What you need to do: A picture-free, exact reproduction of the listing that follows is required.

Data block:
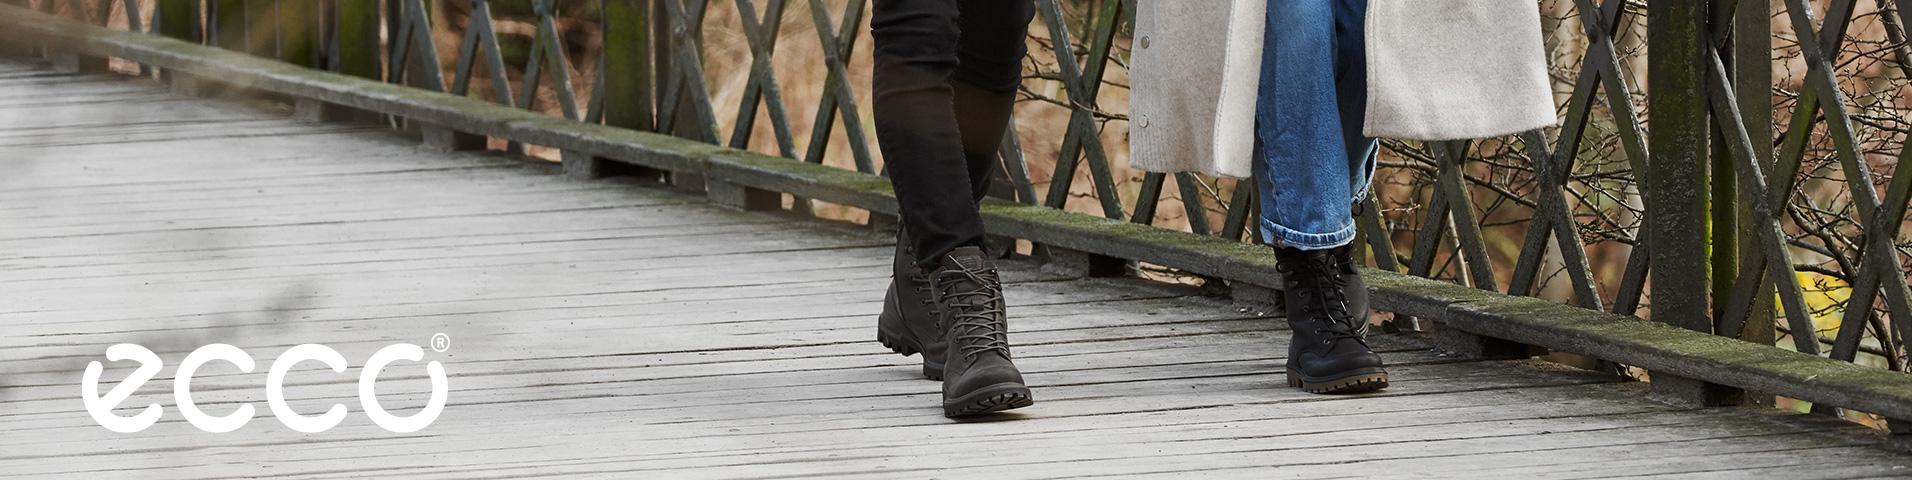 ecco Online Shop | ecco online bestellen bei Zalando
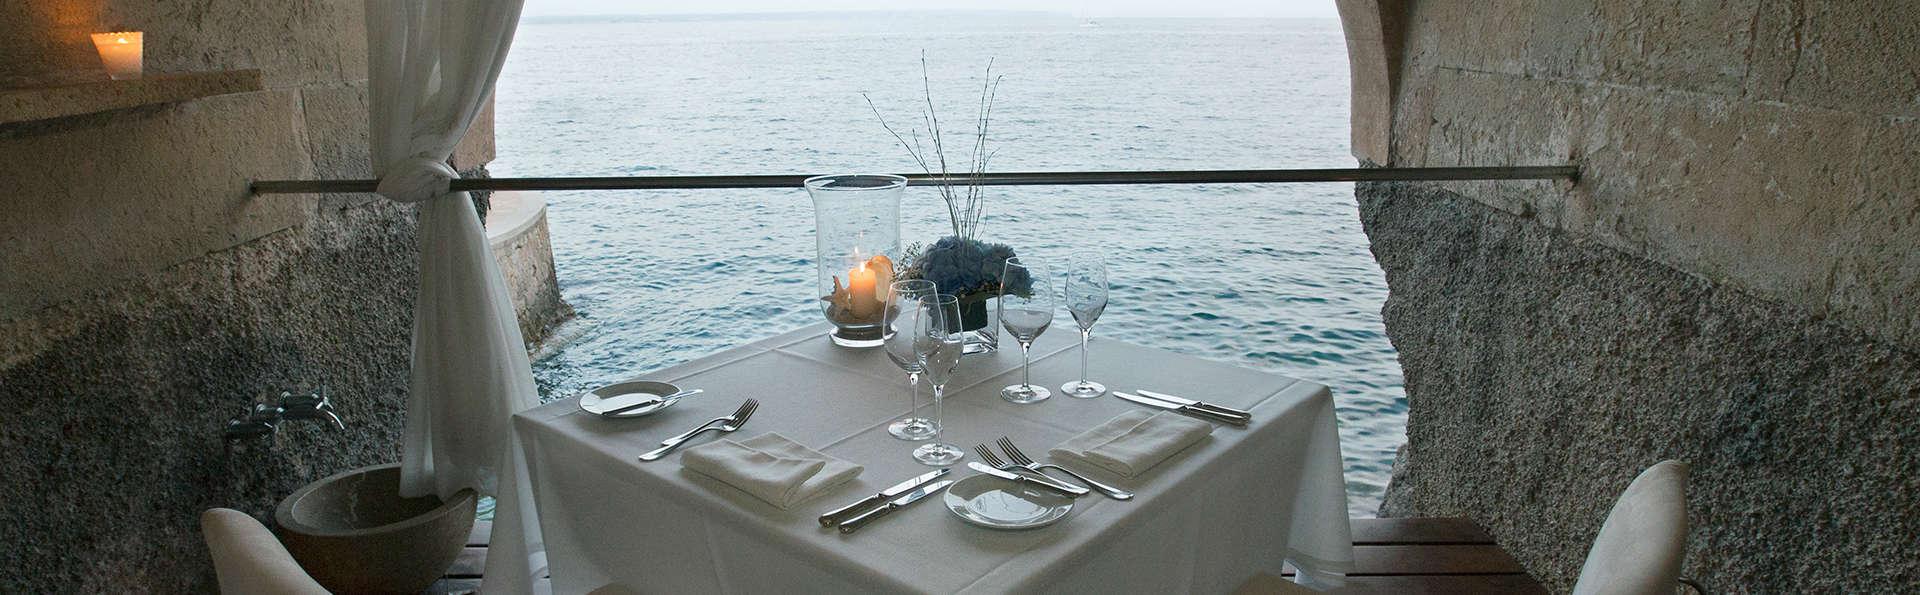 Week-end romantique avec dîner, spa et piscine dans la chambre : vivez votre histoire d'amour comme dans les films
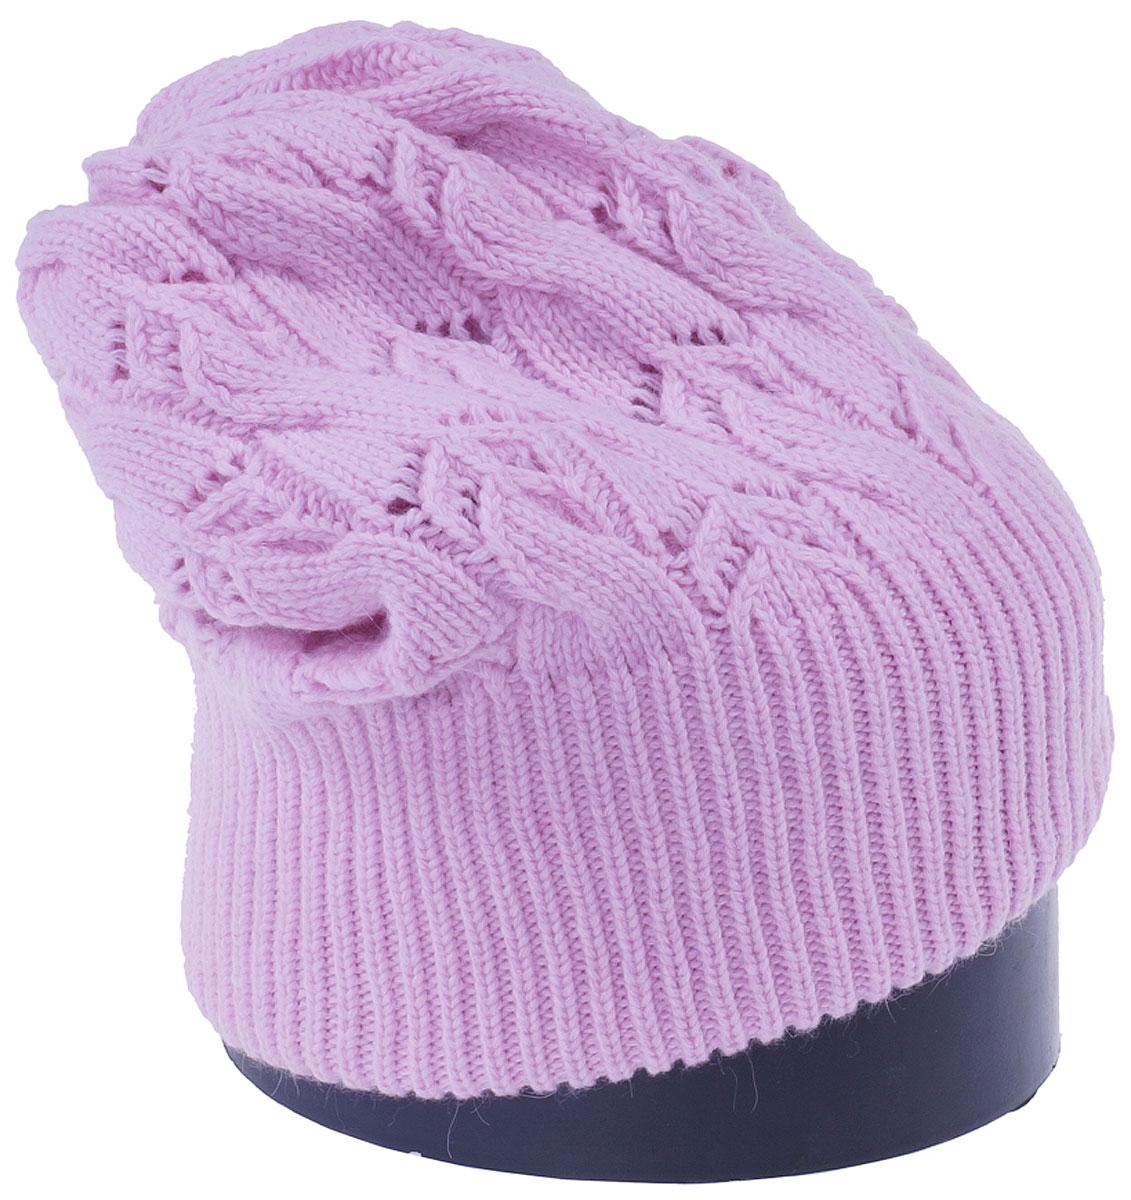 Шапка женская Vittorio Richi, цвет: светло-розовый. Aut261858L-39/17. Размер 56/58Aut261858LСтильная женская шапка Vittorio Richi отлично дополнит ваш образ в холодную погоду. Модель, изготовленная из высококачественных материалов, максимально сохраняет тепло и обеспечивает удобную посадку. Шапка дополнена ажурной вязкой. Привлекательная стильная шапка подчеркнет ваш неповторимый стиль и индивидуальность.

Result of this task:
 ecco Online Shop | ecco online bestellen bei Zalando
 Week-end romantique avec dîner, spa et piscine dans la chambre : vivez votre histoire d'amour comme dans les films
 Шапка женская Vittorio Richi, цвет: светло-розовый. Aut261858L-39/17. Размер 56/58Aut261858LСтильная женская шапка Vittorio Richi отлично дополнит ваш образ в холодную погоду. Модель, изготовленная из высококачественных материалов, максимально сохраняет тепло и обеспечивает удобную посадку. Шапка дополнена ажурной вязкой. Привлекательная стильная шапка подчеркнет ваш неповторимый стиль и индивидуальность.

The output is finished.